What I’m Telling Business People About Why Relational Databases Are So Bad - bsg75
https://codeburst.io/what-im-telling-business-people-about-why-relational-databases-are-so-bad-6f38d3d6c995
======
KineticTroi
My issues with the article. First, I didn't know enterprise systems fail so
regularly. Really? Where? Who is having these failures so regularly? Secondly,
I'm a bit surprised about the 'across the field' statements against relational
database engines and the SQL layer. After all, there are so many different
implementations. They all work and function quite a bit differently in
performance and design. This article sounds like someone who is selling books
or perhaps the author is one of the many great corporate management seminar-
tarians. A person selling specialized lectures designed to appeal to middle
management held at opulent motel conference centers across the land.
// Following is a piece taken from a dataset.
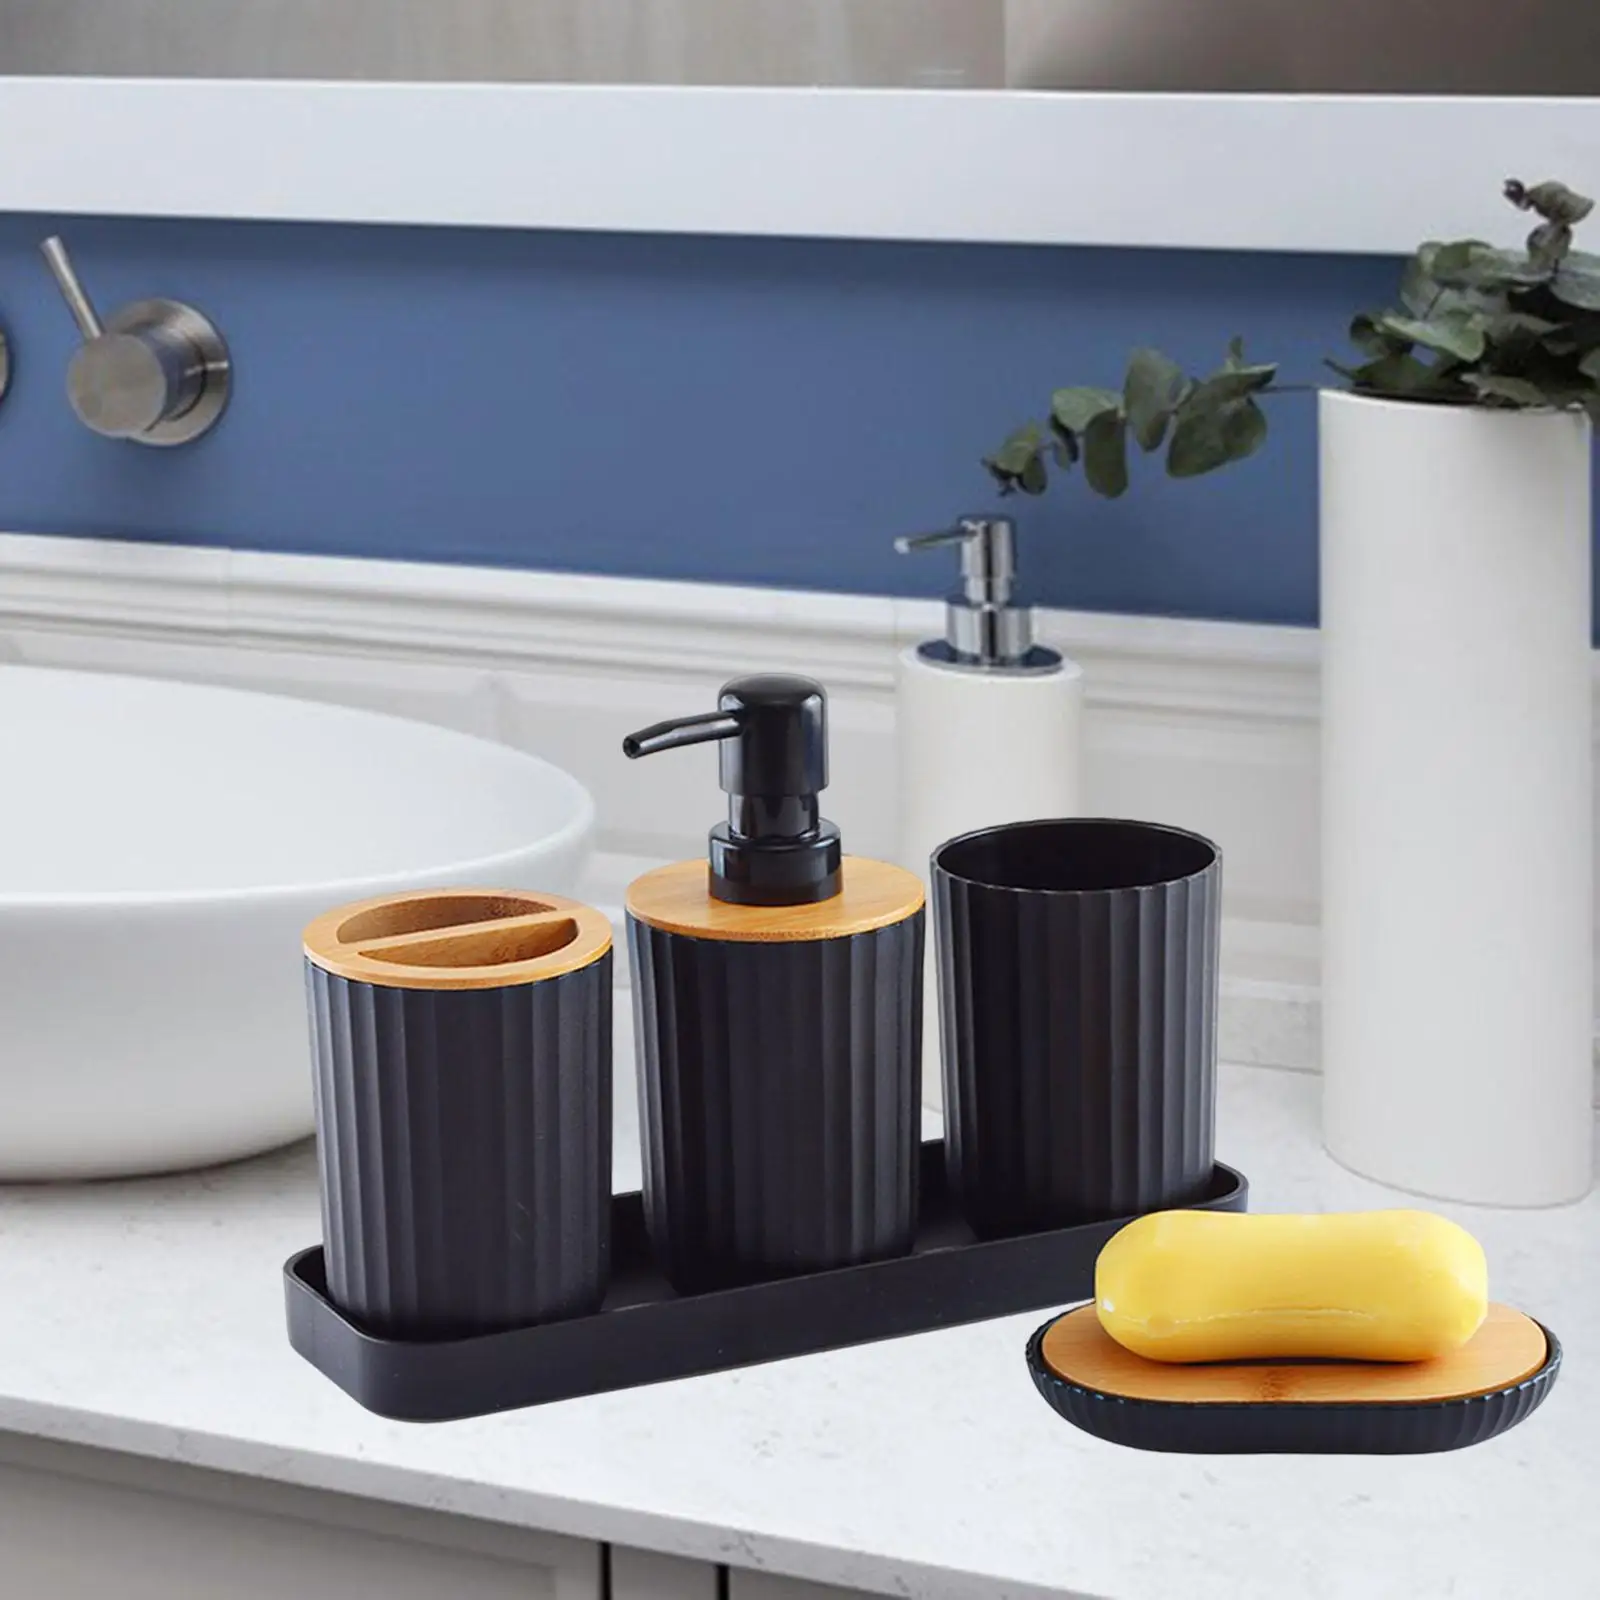  5x   Nordic   Bathroom   Accessories   Set   Lotion   Bottle     Wood   Countertop

Oh, I
can't wait to get my hands on those croissants and fresh coffee. I'm going to
be so smart now.

------
kwillets
This is hilarious. SQL has had parameter binding for most of its history; SQL
injection is just a recent effect of people no longer caring about parse or
serialization overhead.

You can go back 20+ years and find similar rants to this; I remember going
through these OODB arguments in the 90's.

------
manigandham
People like this only contribute to the idea that most CTOs have 0 technical
knowledge.

------
sharemywin
I didn't see you propose an alternative?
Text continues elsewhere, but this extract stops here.